We can be helpless victims to the multitude of relationships in our lives that reflect our disowned selves, or we can accept the challenge of these relationships and ask: “How is this person, or this situation, my teacher?” Asking this question in itself represents a major shift in consciousness. A great deal of the stress in our lives results from our tendency to attract reflections of our disowned selves in our relationships, and we continue to suffer as the same patterns are repeated in our lives. Unfortunately, for most of us there is no support to learn the lesson inherent in this process. Without this support the energy of our disowned selves grows stronger and more twisted.
When natural instinctual energies such as the need for survival, sexuality, and aggression are disowned over time, they cycle back into the unconscious and go through a significant change.

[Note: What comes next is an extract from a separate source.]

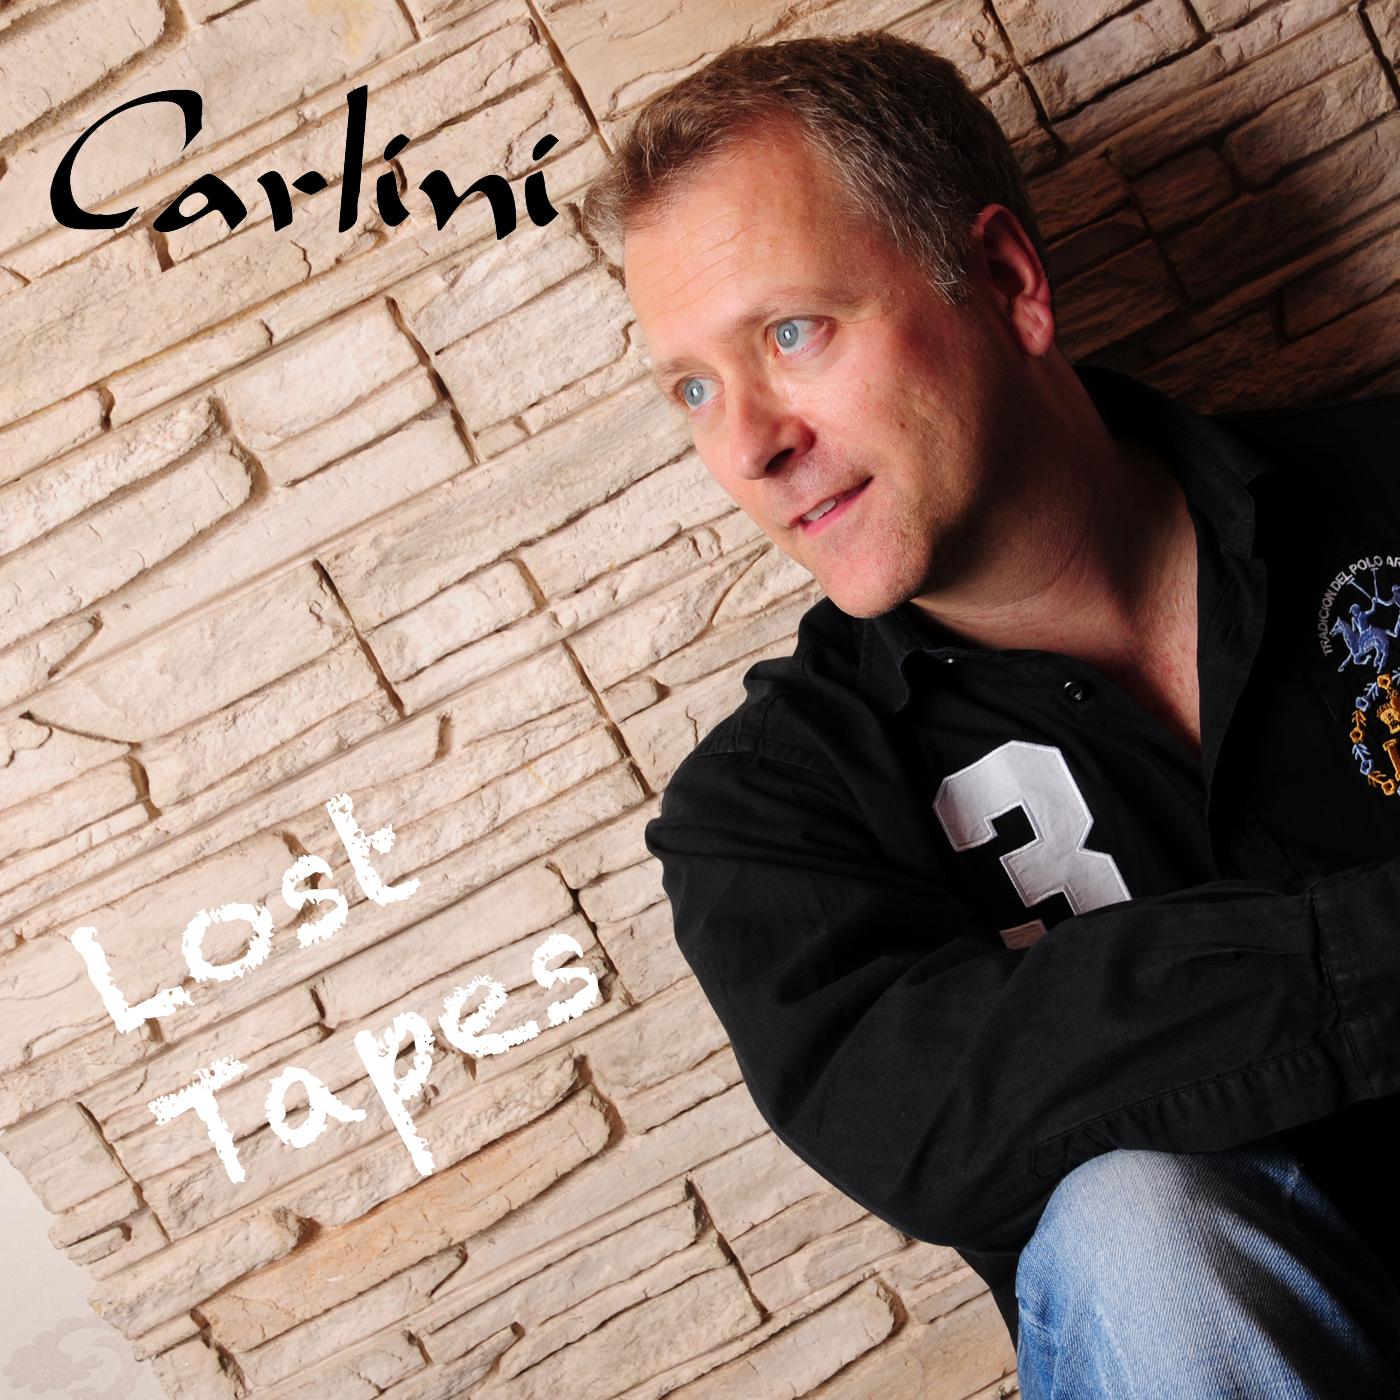 Carlini - You Can't Stop Loving You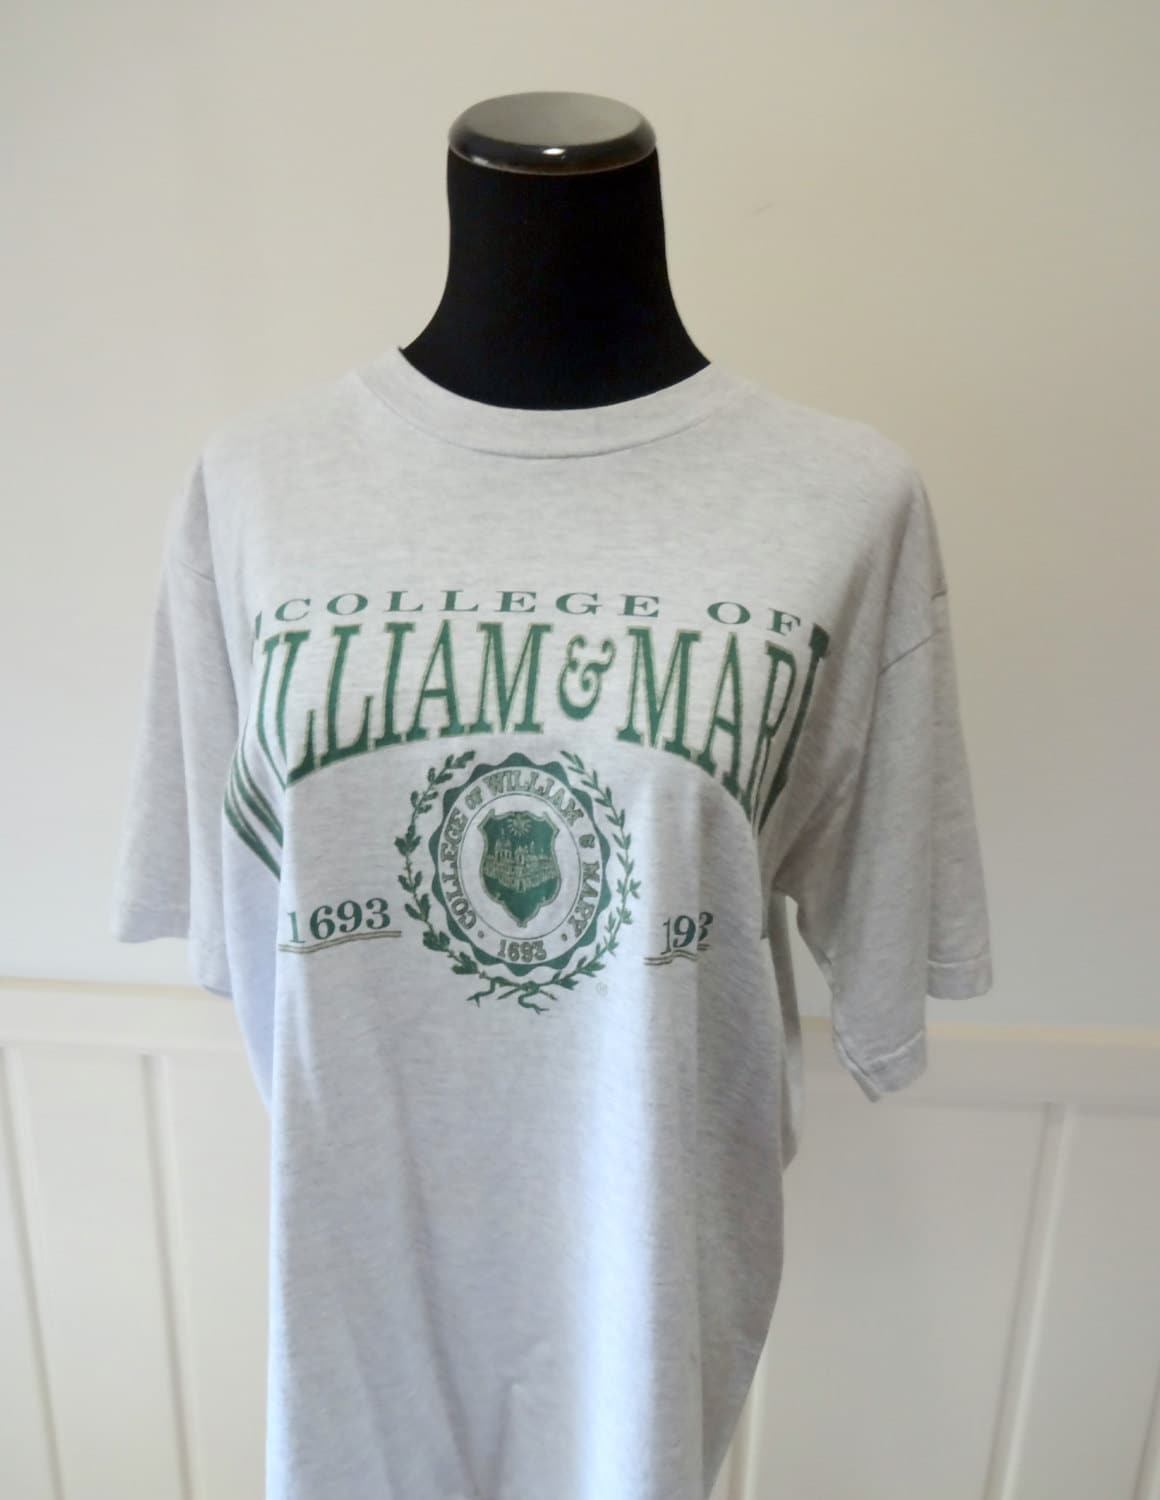 Vintage College of William and Mary Cotton T-Shirt 1993

Energy cannot be destroyed; thus, these disowned instincts begin to operate unconsciously and attract additional energy to themselves. They soon lose their natural qualities and become malevolent. At this point we give them a new name -demonic energies. When the energy of a disowned self becomes demonic, natural aggression is often transformed into killing rage, jealousy becomes uncontrollable passion, and natural sexual impulses turn into fearsome experiences. These demonic energies may break through into our daily lives as destructive and vicious behaviors, both on a personal and on a social level.